Key insight: Counter-intuitively, the model preserves more long-range interactions (16-25Å) than short-range ones. This acts as “hard sample mining” - short-range pairs are numerous and easy to learn, but rare long-range interactions are critical for accuracy.
What experiments were performed?
Datasets & Experimental Setup
| Dataset | Molecule Size | Basis Set | $L_{max}$ | Functional |
|---|---|---|---|---|
| MD17 | Small (ethanol, etc.) | def2-SVP | 4 | PBE |
| QH9 | ≤20 atoms (Stable/Dynamic splits) | def2-SVP | 4 | B3LYP |
| PubChemQH | 40-100 atoms | def2-TZVP | 6 | B3LYP |
Data Availability:
- MD17 & QH9: Publicly available
- PubChemQH: Not yet public (undergoing internal review at Microsoft)
Algorithms
Loss Function:
The model learns the residual $\Delta H$ rather than the full matrix:
$$\Delta H = H_{ref} - H_{init}$$
where $H_{init}$ is a cheap initial guess computed via PySCF.

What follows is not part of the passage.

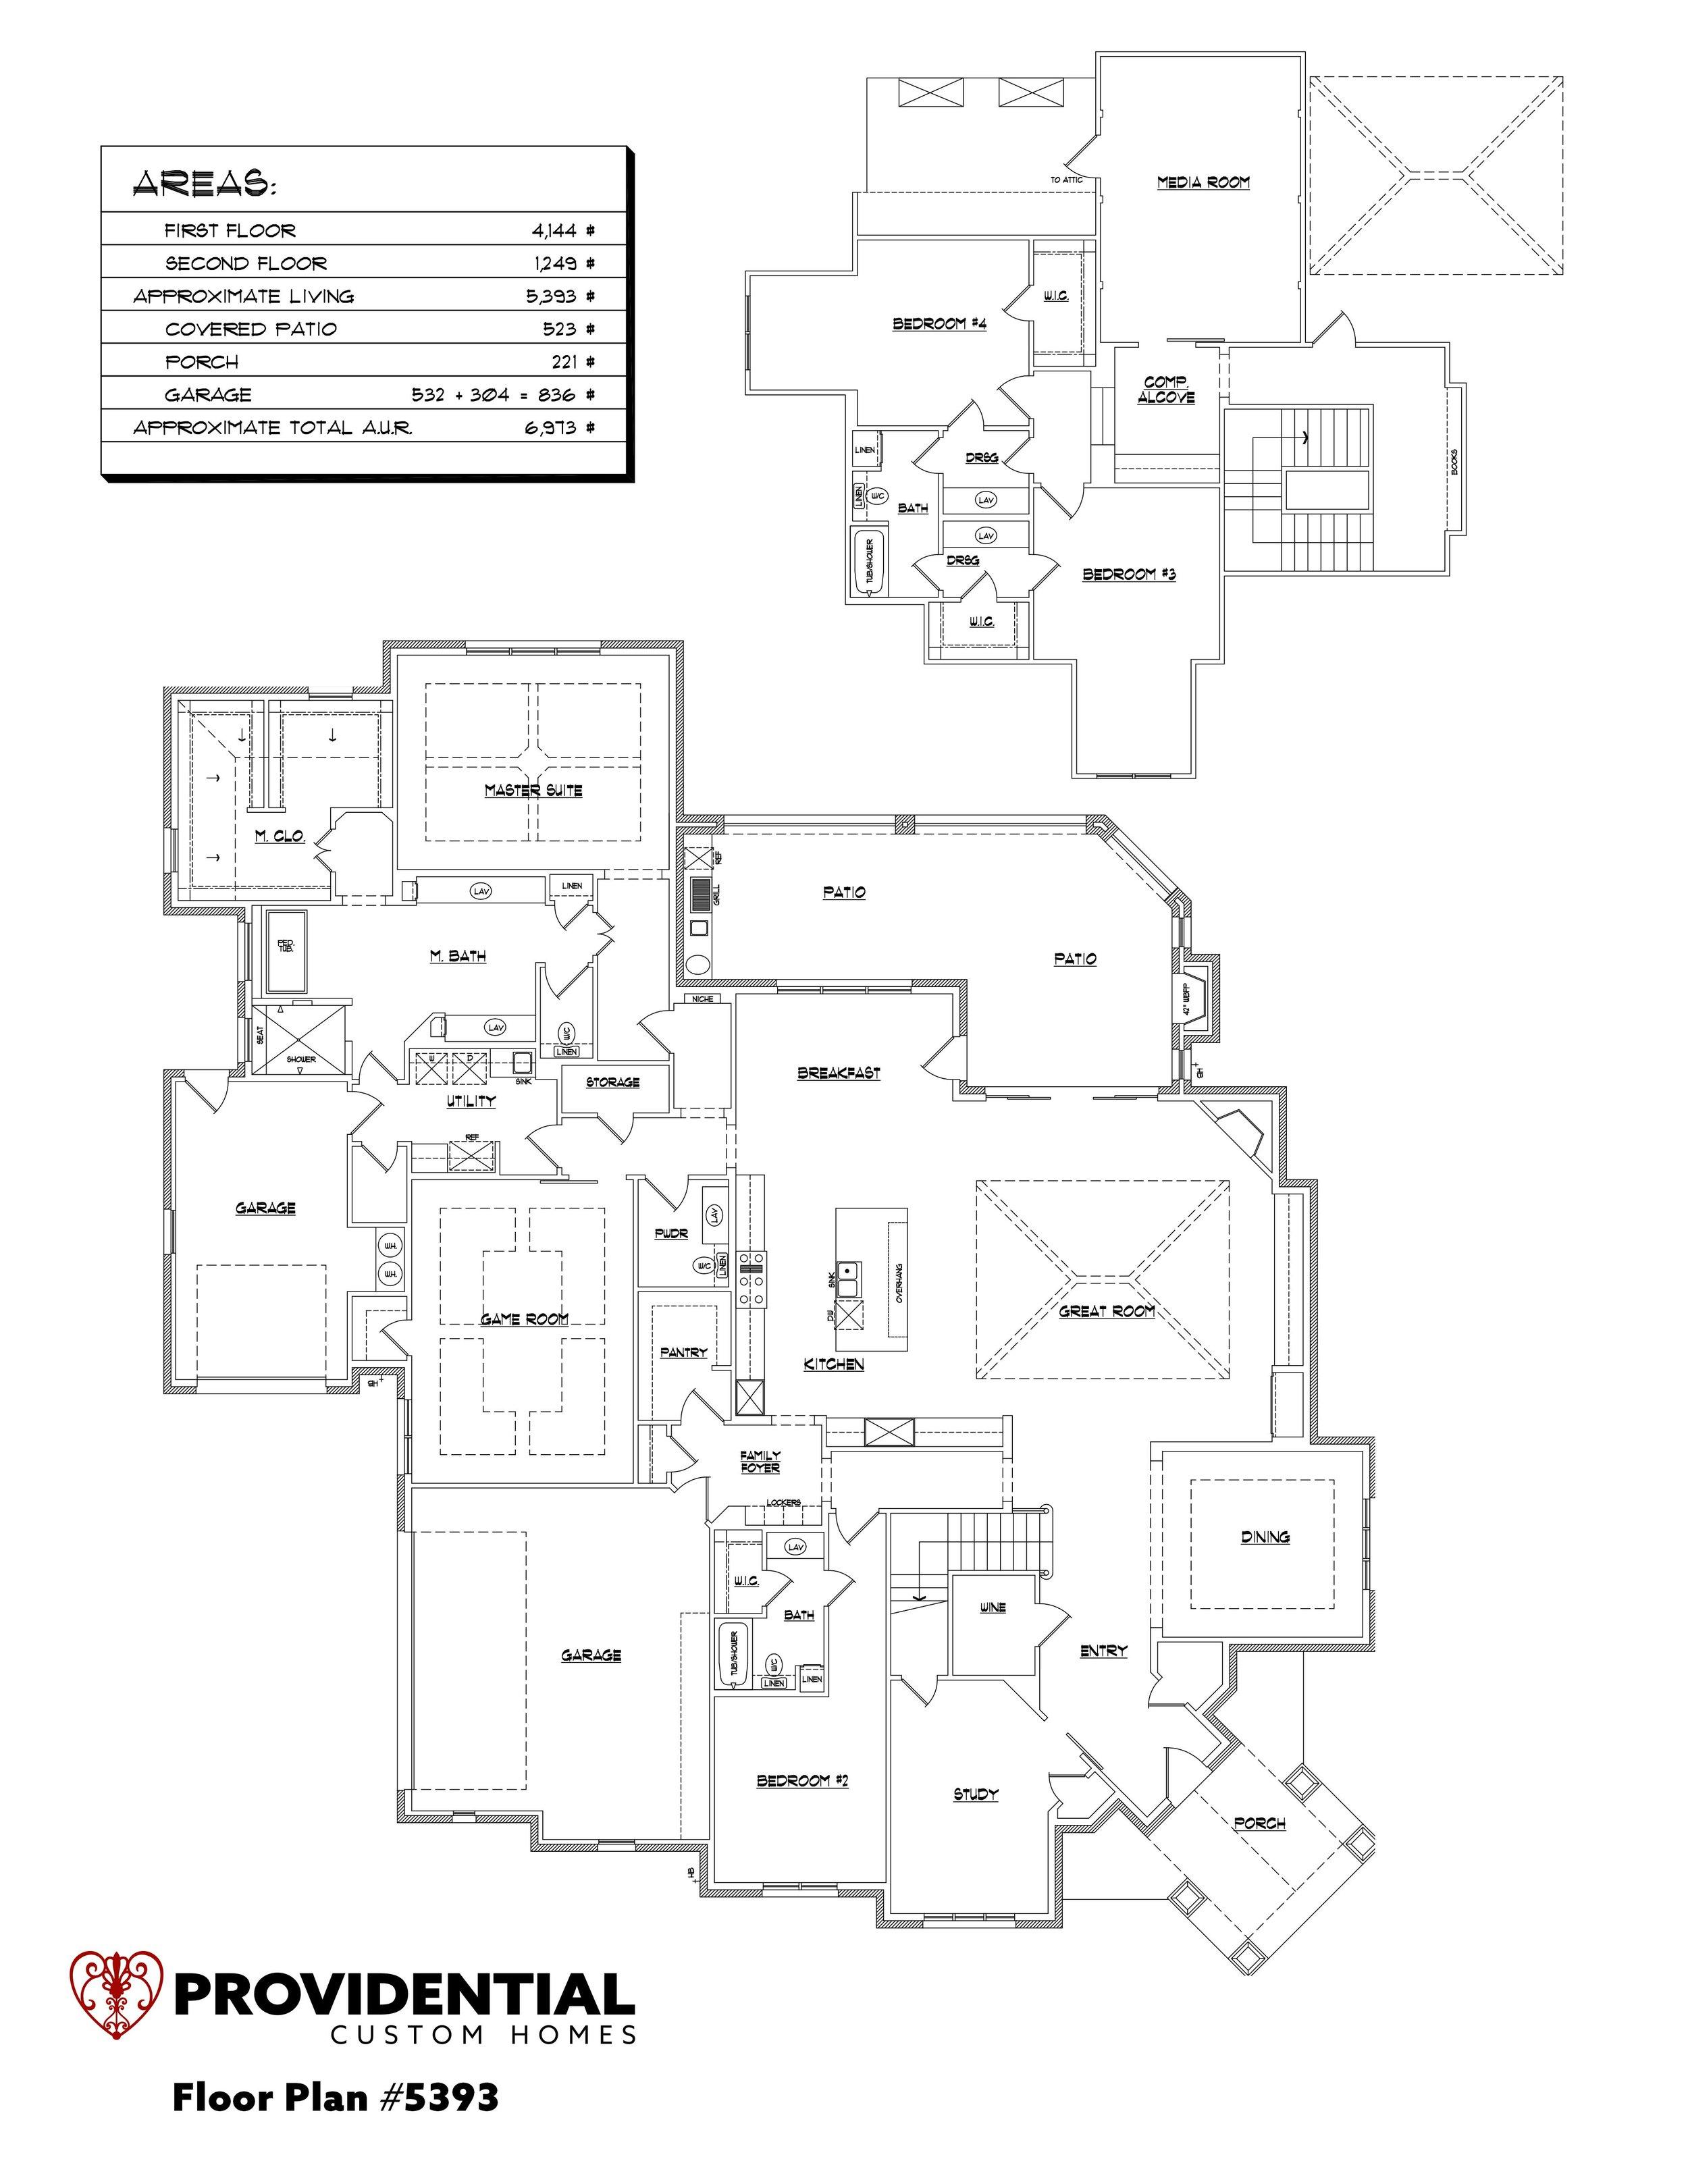 The FLOOR PLAN #5393.jpg

Loss = $MAE(H_{ref}, H_{pred}) + MSE(H_{ref}, H_{pred})$
Hyperparameters:
| Parameter | PubChemQH | QH9 | MD17 |
|---|---|---|---|
| Batch Size | 8 | 32 | 10 |
| Training Steps | 200k-300k | 200k-300k | 200k-300k |
| Warmup Steps | 1k | 1k | 1k |
| Sparsity Rate | 0.7 | 0.4 | - |
Hardware
- Training: 4x NVIDIA A100 (80GB)
- Benchmarking: Single NVIDIA RTX A6000 (46GB)
Notes
- Naming conflict: “SPHNet” is already the name of a 2019 3D point cloud model. The authors acknowledged this but did not commit to changing the name.
Evaluation Metrics
- Hamiltonian MAE ($H$): Element-wise error in Hartrees ($E_h$)
- Orbital Energy MAE ($\epsilon$): Error in HOMO/LUMO energies
- Coefficient Similarity ($\psi$): Cosine similarity of wavefunctions
Ablation Studies
- Both sparse gates contribute significantly to the speedup
- The three-phase scheduler is critical for stable convergence to a high-performing sparse subnetwork
- A sparsity rate of 70% can be applied with minimal accuracy loss on large systems, demonstrating significant computational redundancy in dense equivariant models
Transferability to Other Models
To prove the speedup wasn’t architecture-specific, the authors applied the Sparse Pair Gate and Sparse TP Gate to the QHNet baseline. This resulted in a speedup improvement from 1.0x to 3.30x on QHNet, confirming the gates are portable modules applicable to other SE(3)-equivariant architectures.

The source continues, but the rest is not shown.